BEGIN

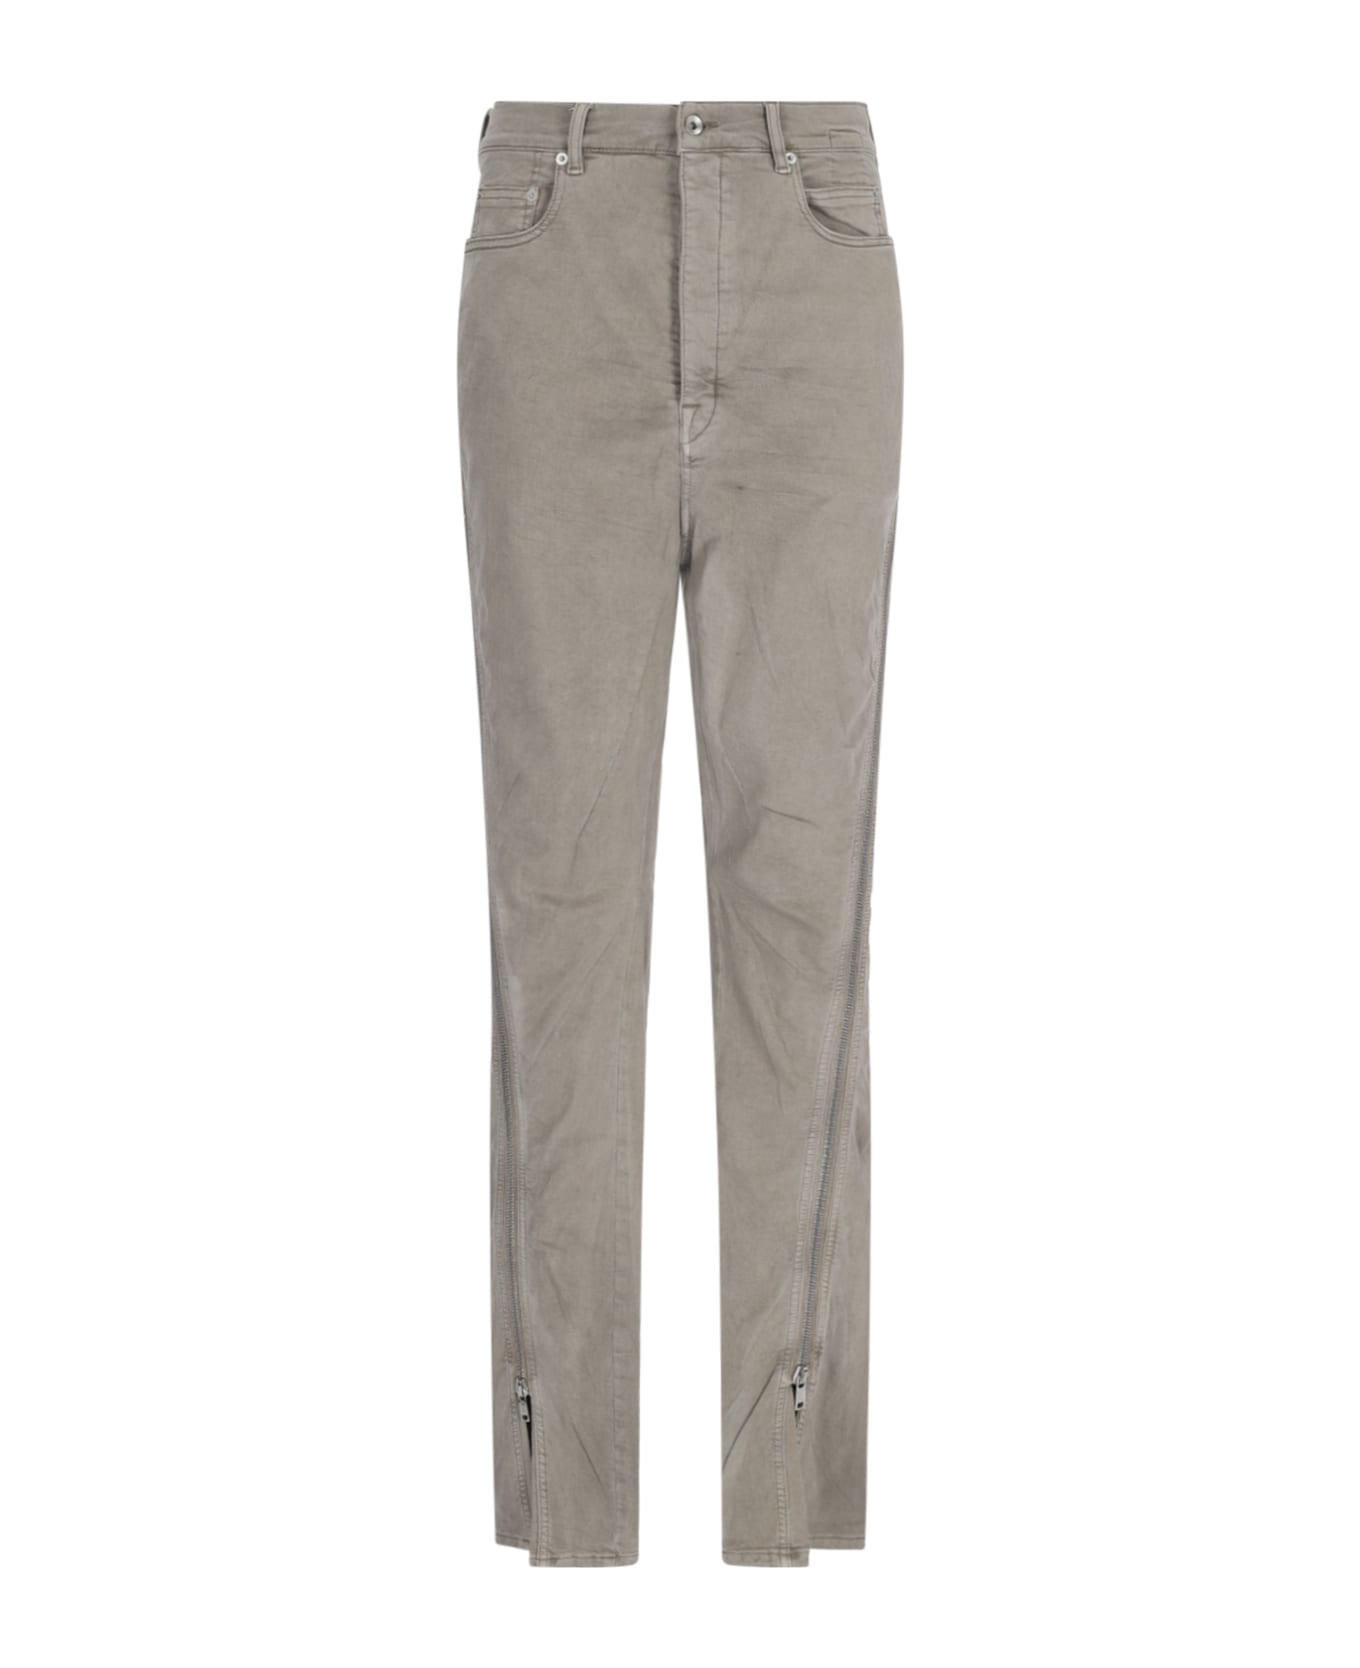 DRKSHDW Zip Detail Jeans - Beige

END
BEGIN

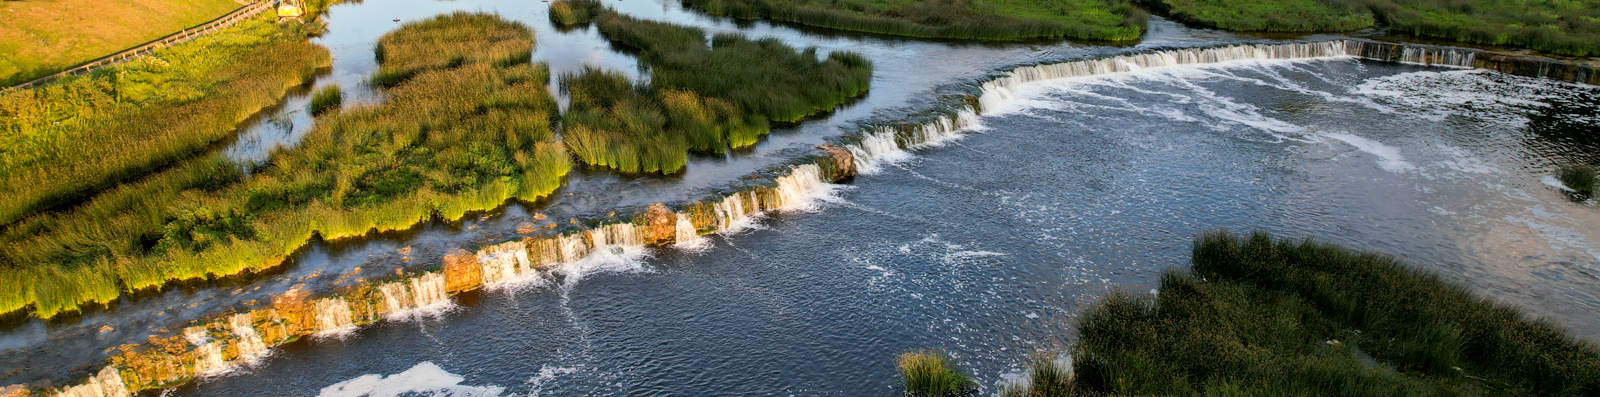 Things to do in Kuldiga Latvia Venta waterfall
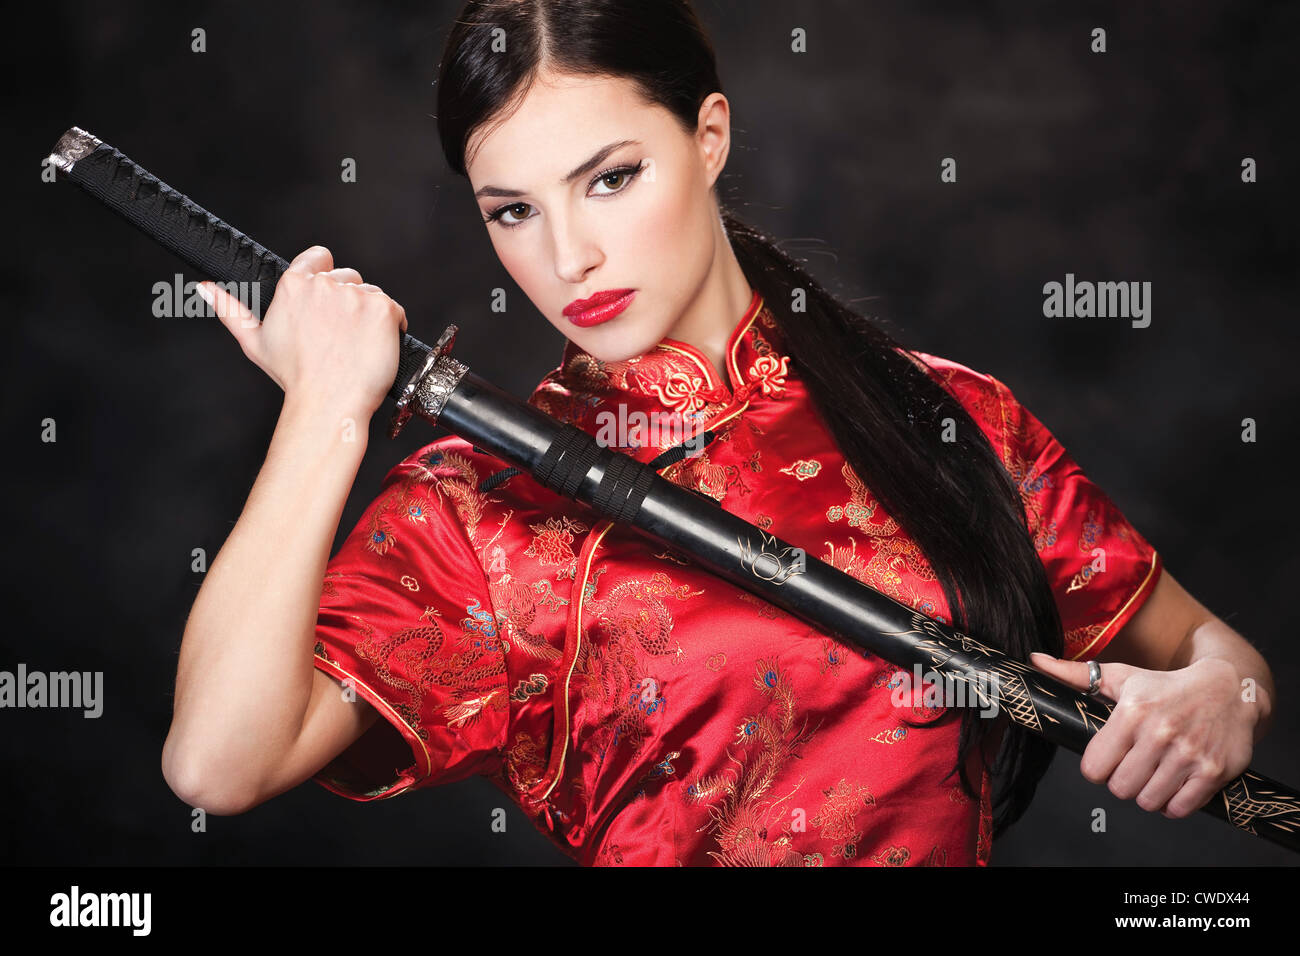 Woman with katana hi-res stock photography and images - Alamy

END

THE TASK:
Could you output exactly the lines above, from the line with "Things to do" up to and including the line with "Woman with katana", and nothing else, skipping the pictures?

ANSWER AREA:
 Things to do in Kuldiga Latvia Venta waterfall
 Woman with katana hi-res stock photography and images - Alamy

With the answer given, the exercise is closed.